* Work order *
Using the listing below, work out how many lines include the word "Frame". Only the number is to be given.
BEGIN Source material
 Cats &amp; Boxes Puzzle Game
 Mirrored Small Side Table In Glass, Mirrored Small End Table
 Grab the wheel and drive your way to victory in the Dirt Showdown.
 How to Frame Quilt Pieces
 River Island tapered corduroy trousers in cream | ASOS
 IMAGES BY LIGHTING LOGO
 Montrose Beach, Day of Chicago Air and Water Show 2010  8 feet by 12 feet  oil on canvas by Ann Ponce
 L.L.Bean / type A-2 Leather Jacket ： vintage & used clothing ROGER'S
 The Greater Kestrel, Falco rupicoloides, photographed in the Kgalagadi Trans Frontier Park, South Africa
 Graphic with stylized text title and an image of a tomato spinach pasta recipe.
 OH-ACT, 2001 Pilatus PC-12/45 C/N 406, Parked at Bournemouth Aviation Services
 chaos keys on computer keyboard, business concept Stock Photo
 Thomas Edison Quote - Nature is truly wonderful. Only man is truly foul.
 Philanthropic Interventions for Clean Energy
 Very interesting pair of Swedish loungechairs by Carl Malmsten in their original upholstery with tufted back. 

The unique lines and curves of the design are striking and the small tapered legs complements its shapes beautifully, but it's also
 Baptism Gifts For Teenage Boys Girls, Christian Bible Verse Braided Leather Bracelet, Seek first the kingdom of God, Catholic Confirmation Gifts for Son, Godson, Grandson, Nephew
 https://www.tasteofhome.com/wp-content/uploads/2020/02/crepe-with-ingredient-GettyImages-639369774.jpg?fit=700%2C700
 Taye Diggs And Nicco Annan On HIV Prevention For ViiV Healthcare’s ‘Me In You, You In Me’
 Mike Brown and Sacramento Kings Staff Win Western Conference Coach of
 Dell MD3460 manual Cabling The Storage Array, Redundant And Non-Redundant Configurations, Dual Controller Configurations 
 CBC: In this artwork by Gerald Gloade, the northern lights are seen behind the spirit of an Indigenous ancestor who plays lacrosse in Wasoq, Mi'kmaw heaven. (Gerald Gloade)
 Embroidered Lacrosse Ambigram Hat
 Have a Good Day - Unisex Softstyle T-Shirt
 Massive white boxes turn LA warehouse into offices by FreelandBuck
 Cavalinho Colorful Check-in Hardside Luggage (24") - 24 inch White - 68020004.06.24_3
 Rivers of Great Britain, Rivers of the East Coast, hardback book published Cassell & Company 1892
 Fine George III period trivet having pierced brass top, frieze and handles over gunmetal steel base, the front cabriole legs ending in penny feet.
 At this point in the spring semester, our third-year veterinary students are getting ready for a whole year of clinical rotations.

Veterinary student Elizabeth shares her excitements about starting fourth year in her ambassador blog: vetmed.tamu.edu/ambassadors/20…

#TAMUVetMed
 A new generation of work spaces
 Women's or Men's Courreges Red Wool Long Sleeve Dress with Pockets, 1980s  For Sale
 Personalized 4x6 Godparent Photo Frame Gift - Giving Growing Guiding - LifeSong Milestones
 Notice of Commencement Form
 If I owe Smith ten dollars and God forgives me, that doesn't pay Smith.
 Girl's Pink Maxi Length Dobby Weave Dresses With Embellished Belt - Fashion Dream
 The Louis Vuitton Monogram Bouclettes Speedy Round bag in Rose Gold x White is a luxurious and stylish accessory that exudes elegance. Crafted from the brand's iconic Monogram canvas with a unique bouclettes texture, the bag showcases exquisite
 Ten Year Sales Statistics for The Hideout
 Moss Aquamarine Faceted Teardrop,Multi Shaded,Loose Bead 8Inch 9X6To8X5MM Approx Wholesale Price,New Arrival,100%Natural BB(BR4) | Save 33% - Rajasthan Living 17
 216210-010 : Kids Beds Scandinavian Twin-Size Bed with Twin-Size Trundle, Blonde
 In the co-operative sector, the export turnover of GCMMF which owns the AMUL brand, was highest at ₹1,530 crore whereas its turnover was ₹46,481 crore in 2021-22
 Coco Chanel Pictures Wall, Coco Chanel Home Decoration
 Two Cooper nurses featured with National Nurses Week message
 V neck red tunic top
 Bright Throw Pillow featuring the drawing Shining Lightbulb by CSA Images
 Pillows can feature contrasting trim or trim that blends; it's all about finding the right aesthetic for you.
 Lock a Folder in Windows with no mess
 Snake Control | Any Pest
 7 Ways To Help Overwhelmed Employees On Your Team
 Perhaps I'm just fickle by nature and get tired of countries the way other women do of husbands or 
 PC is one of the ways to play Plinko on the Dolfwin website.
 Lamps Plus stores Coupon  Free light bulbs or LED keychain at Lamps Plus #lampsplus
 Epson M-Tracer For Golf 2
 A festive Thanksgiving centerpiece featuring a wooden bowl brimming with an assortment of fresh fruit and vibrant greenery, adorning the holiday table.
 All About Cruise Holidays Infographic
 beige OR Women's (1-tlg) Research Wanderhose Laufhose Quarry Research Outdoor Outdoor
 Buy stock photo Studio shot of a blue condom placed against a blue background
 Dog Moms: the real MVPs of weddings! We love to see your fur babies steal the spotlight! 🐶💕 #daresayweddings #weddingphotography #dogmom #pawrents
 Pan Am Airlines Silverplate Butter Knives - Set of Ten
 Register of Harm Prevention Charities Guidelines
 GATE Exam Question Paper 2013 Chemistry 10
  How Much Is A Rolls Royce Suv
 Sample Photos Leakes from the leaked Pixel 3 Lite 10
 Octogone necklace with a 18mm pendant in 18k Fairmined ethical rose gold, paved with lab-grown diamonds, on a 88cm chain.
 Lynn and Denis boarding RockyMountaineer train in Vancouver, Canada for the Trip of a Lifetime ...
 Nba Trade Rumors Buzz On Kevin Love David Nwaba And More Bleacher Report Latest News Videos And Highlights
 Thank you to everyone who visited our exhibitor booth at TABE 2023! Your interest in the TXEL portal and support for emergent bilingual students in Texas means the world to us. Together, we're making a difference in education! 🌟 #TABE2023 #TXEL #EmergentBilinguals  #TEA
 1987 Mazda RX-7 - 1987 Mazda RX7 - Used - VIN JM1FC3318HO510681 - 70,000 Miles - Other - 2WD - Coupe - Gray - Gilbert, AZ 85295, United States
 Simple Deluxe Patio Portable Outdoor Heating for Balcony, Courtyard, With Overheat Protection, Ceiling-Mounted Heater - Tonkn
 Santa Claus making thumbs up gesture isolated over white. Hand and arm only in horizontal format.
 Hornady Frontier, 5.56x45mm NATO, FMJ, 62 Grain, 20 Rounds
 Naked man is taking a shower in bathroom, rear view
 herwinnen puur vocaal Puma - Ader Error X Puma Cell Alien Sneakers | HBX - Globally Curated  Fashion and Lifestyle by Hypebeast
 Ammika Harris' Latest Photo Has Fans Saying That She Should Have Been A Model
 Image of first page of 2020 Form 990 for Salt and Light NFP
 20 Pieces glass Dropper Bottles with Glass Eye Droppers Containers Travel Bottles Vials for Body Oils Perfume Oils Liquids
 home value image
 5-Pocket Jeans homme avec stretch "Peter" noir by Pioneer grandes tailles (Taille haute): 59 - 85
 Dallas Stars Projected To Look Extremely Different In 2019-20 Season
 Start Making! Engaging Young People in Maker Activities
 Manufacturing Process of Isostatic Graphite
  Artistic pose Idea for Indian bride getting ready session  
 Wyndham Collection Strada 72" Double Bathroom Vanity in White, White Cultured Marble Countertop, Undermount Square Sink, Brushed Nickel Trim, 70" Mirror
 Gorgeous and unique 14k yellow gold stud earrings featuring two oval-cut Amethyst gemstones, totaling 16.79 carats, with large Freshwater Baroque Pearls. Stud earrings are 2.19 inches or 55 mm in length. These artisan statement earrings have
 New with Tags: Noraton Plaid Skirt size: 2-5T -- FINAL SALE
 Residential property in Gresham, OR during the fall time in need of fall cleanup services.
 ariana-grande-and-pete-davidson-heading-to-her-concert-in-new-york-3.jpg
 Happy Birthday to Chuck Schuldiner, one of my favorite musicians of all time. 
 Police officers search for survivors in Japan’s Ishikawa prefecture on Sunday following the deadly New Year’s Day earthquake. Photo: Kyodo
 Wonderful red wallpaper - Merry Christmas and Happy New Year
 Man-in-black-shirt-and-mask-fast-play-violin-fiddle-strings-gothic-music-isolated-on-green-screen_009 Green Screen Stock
END Source material
* Finished task *
2